L’ensemble le plus important d’instructions génétiques que nous recevons tous provient de notre ADN, transmis de génération en génération. Mais l’environnement dans lequel nous vivons peut également apporter des modifications génétiques.
L’année dernière, des chercheurs ont découvert que ce type de modifications génétiques environnementales pouvait être transmis pendant 14 générations chez un animal – la plus grande période jamais observée chez une créature, en l’occurrence une dynastie de nématodes (vers ronds) C. elegans.
Pour étudier combien de temps l’environnement peut laisser une marque sur l’expression génétique, une équipe dirigée par des scientifiques de l’Organisation européenne de biologie moléculaire (EMBO) en Espagne a pris des vers nématodes génétiquement modifiés qui portent un transgène pour une protéine fluorescente. Lorsqu’il est activé, ce gène fait briller les vers sous la lumière ultraviolette.
Ensuite, ils ont changé les choses pour les nématodes en modifiant la température de leurs récipients. Lorsque l’équipe a conservé les nématodes à 20° Celsius (68° F), elle a mesuré une faible activité du transgène, ce qui signifie que les vers ne brillaient pratiquement pas.
Mais en déplaçant les vers dans un climat plus chaud de 25° C (77° F), ils se sont soudainement illuminés comme de petits arbres de Noël, ce qui signifie que le gène de fluorescence était devenu beaucoup plus actif.
Leurs vacances tropicales n’ont cependant pas duré longtemps. Les vers ont été replacés à des températures plus fraîches pour voir ce qu’il adviendrait de l’activité du gène de la fluorescence.
Étonnamment, ils ont continué à briller, ce qui suggère qu’ils conservaient une “mémoire environnementale” du climat plus chaud – et que le transgène était toujours très actif.
De plus, cette mémoire a été transmise à leur progéniture pendant sept générations brillantes, dont aucune n’avait connu les températures plus chaudes.
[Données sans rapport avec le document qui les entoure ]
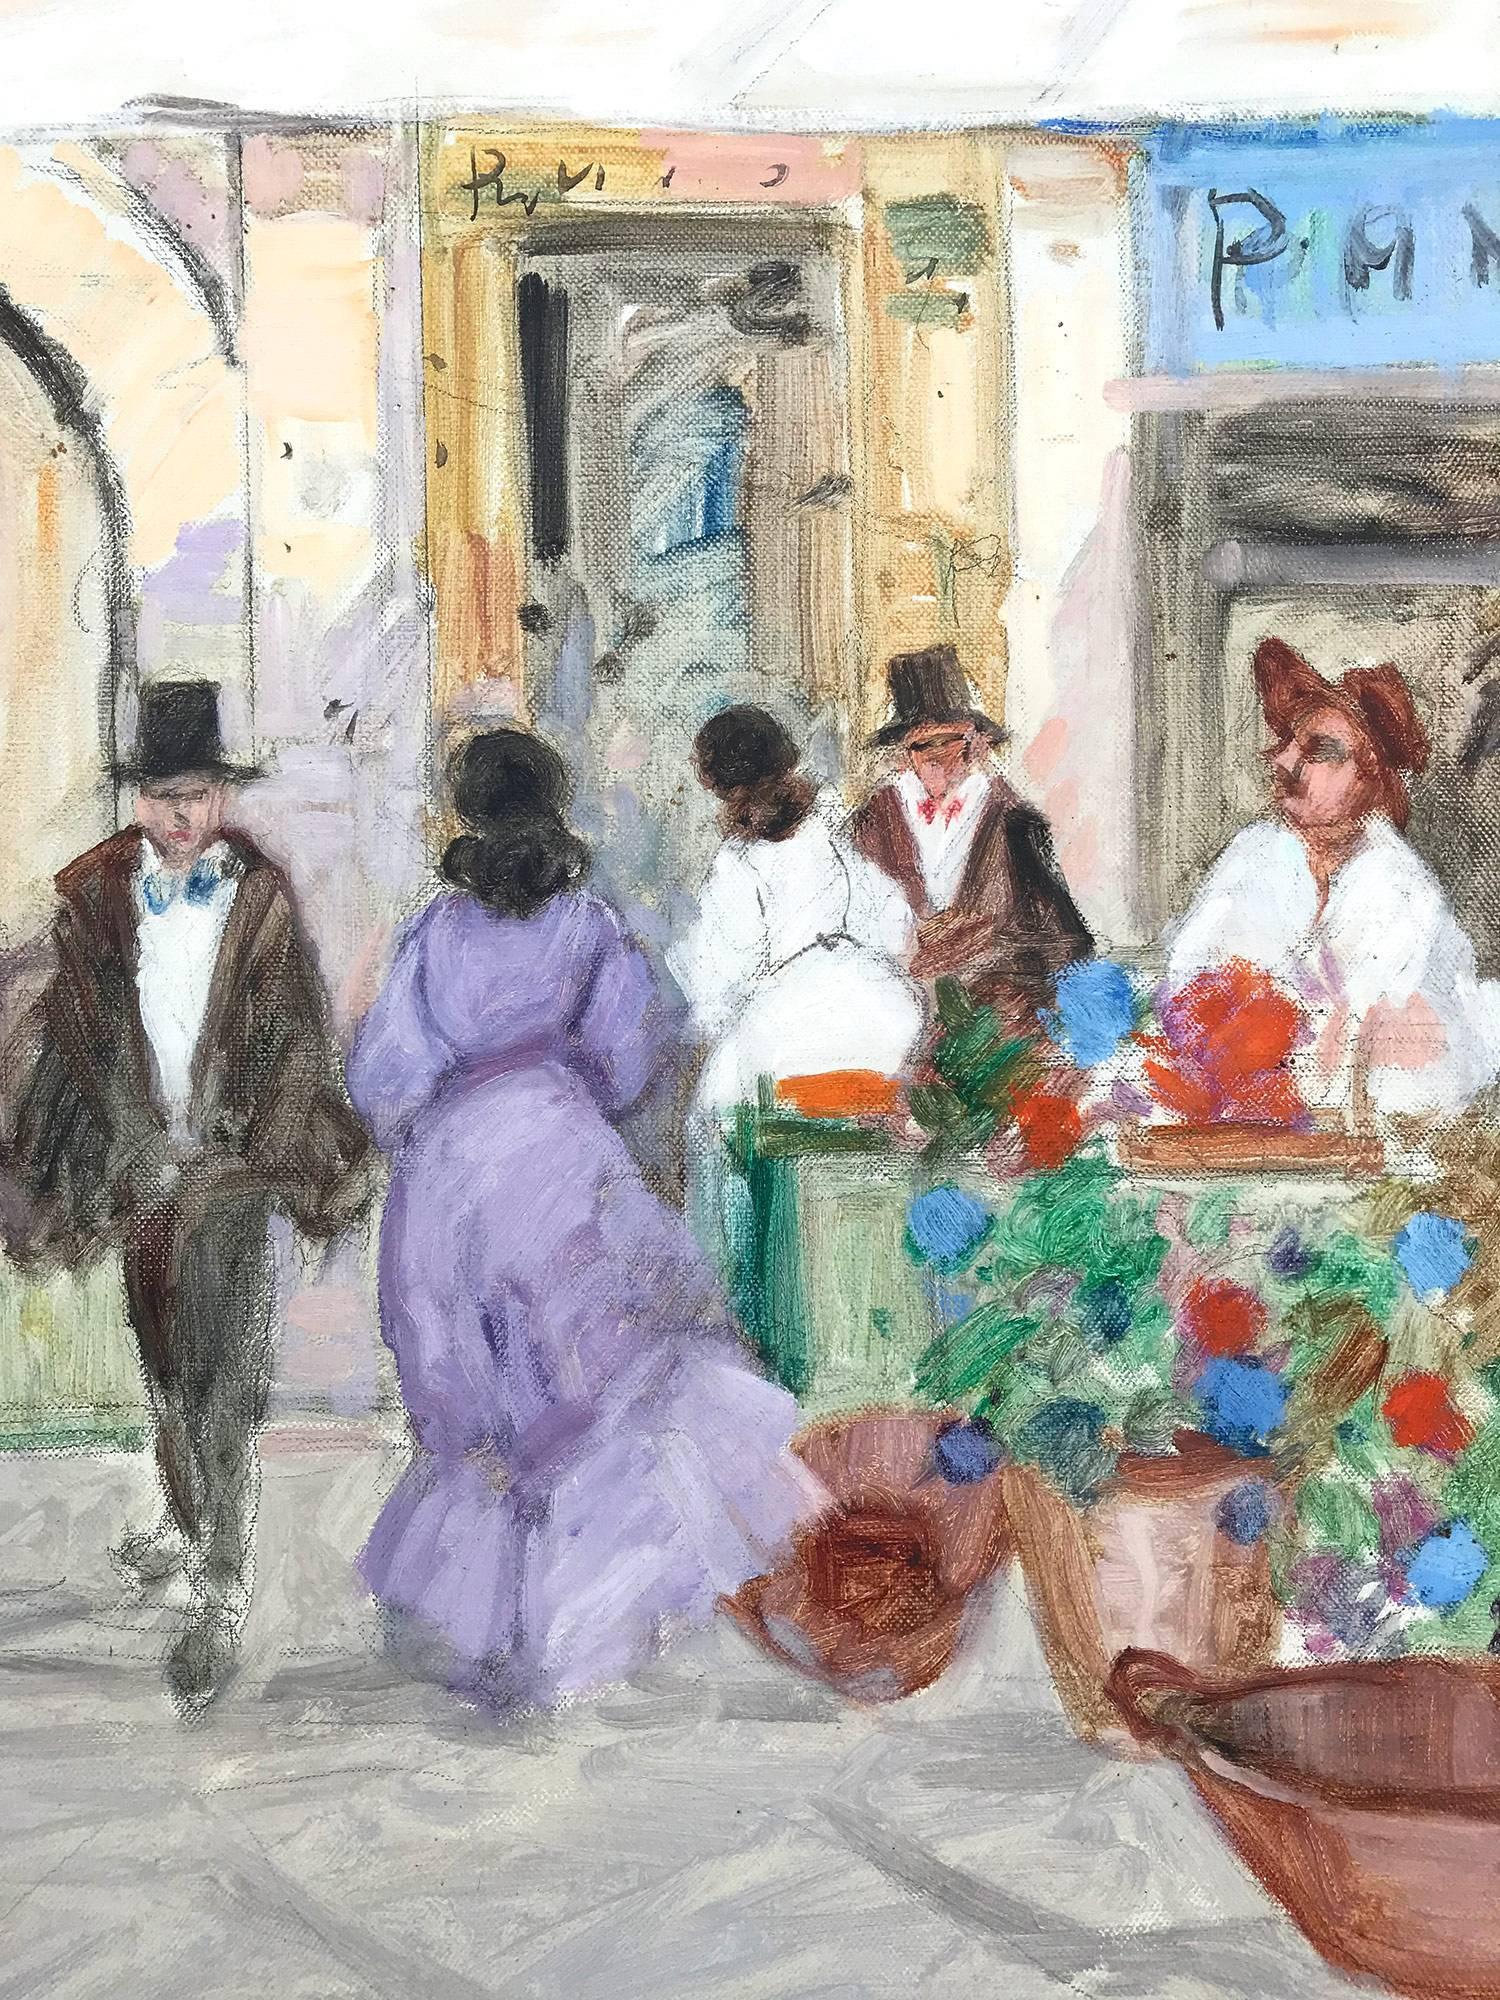 A whimsical oil painting depicting a market-place scene in Paris, France by Luigi Cagliani. As an Italian Impressionist artist, most of Cagliani's works were produced in the first half of the 20th Century. He was known for his charming compositions
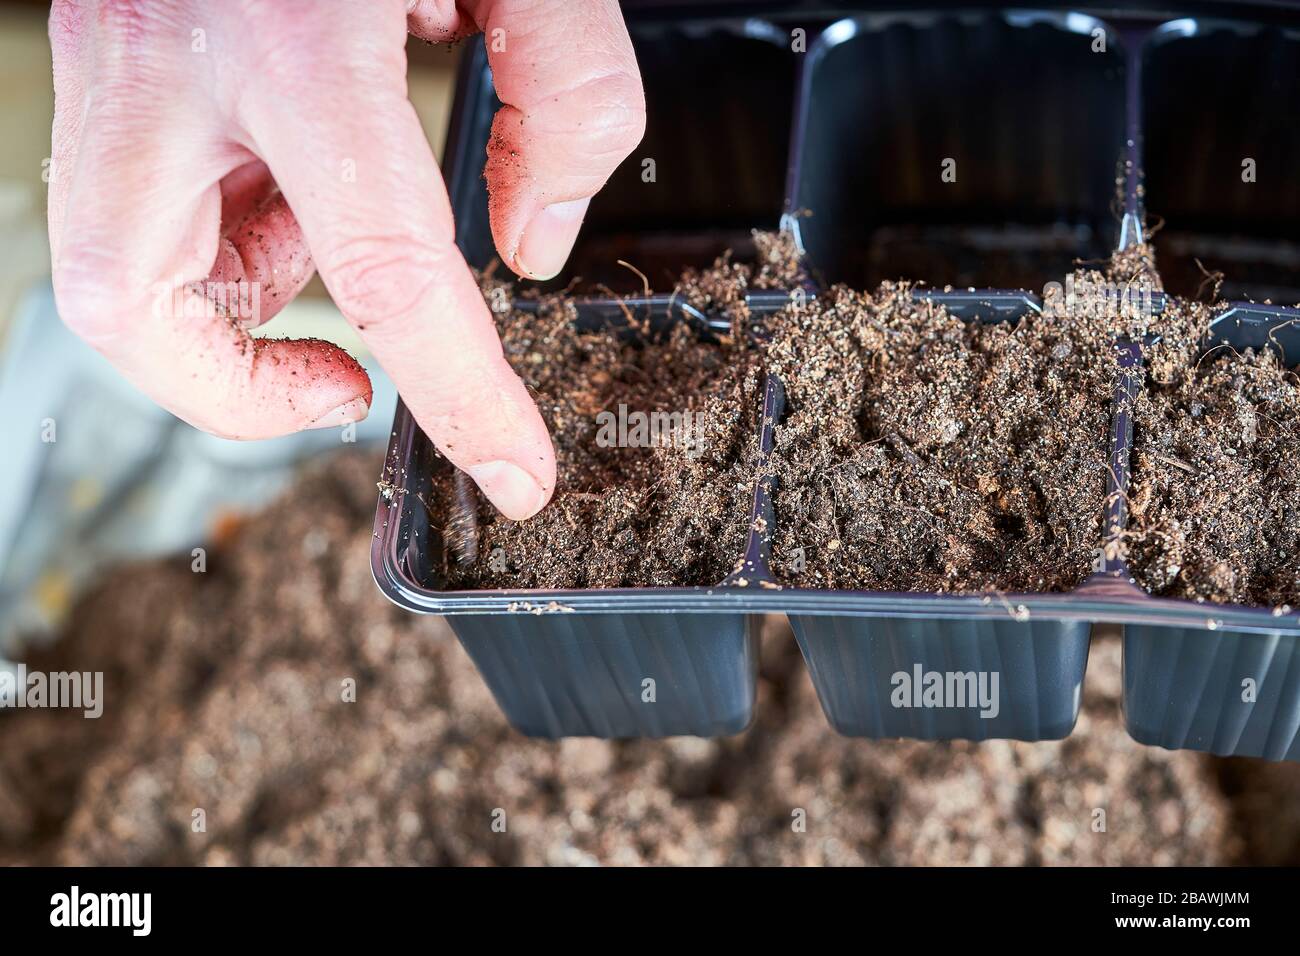 Filling small plastic compartments by hand with a soil in oder to plant some sees. Stock Photo

Les bébés vers ont hérité de ce changement épigénétique à travers les œufs et le sperme.
L’équipe a poussé les résultats encore plus loin : lorsqu’elle a maintenu cinq générations de nématodes à 25° C (77° F) et qu’elle a banni leur progéniture vers des températures plus froides, les vers ont continué à avoir une activité transgénique plus élevée pendant une période sans précédent de 14 générations.
C’est la durée la plus longue jamais observée par les scientifiques pour la transmission d’un changement génétique induit par l’environnement. Habituellement, les changements environnementaux de l’expression génétique ne durent que quelques générations.
“Nous ne savons pas exactement pourquoi cela se produit, mais il pourrait s’agir d’une forme de planification biologique prospective”, a déclaré l’un des membres de l’équipe, Adam Klosin, de l’EMBO et de l’université Pompeu Fabra, en Espagne.
“Les vers ont une durée de vie très courte, ils transmettent peut-être des souvenirs de conditions passées pour aider leurs descendants à prévoir ce que sera leur environnement à l’avenir”, ajoute la co-chercheuse Tanya Vavouri, de l’Institut de recherche sur la leucémie Josep Carreras, en Espagne.
Ce n’est pas pour rien que les scientifiques se tournent vers C. elegans comme organisme modèle : après tout, ces 14 générations ne prennent qu’une cinquantaine de jours pour se développer, mais elles peuvent néanmoins nous donner des indices importants sur la façon dont les changements génétiques environnementaux sont transmis à d’autres animaux, y compris les humains.
Il existe de nombreux exemples de ce phénomène chez les vers et les souris, mais l’étude de l’héritage épigénétique environnemental chez l’homme est un sujet très débattu, et il y a encore beaucoup de choses que nous ne savons pas.
“Les effets hérités chez l’homme sont difficiles à mesurer en raison de la longueur des générations et de la difficulté à tenir des registres précis”, indique une récente étude sur l’héritage épigénétique.
Mais certaines recherches suggèrent que des événements de notre vie peuvent effectivement affecter le développement de nos enfants et peut-être même de nos petits-enfants – tout cela sans modifier l’ADN.
Par exemple, des études ont montré que les enfants et les petits-enfants de femmes ayant survécu à la famine néerlandaise de 1944-45 présentaient une intolérance accrue au glucose à l’âge adulte.
D’autres chercheurs ont constaté que les descendants des survivants de l’Holocauste avaient des niveaux plus faibles de l’hormone cortisol, qui aide l’organisme à rebondir après un traumatisme.
L’étude de 2017 sur les nématodes est une étape importante vers une meilleure compréhension de notre propre héritage épigénétique, notamment parce qu’elle démontre de manière remarquable à quel point ces effets intergénérationnels peuvent être durables.
Les résultats ont été publiés dans Science.
Une version de cet article a été publiée pour la première fois en avril 2017.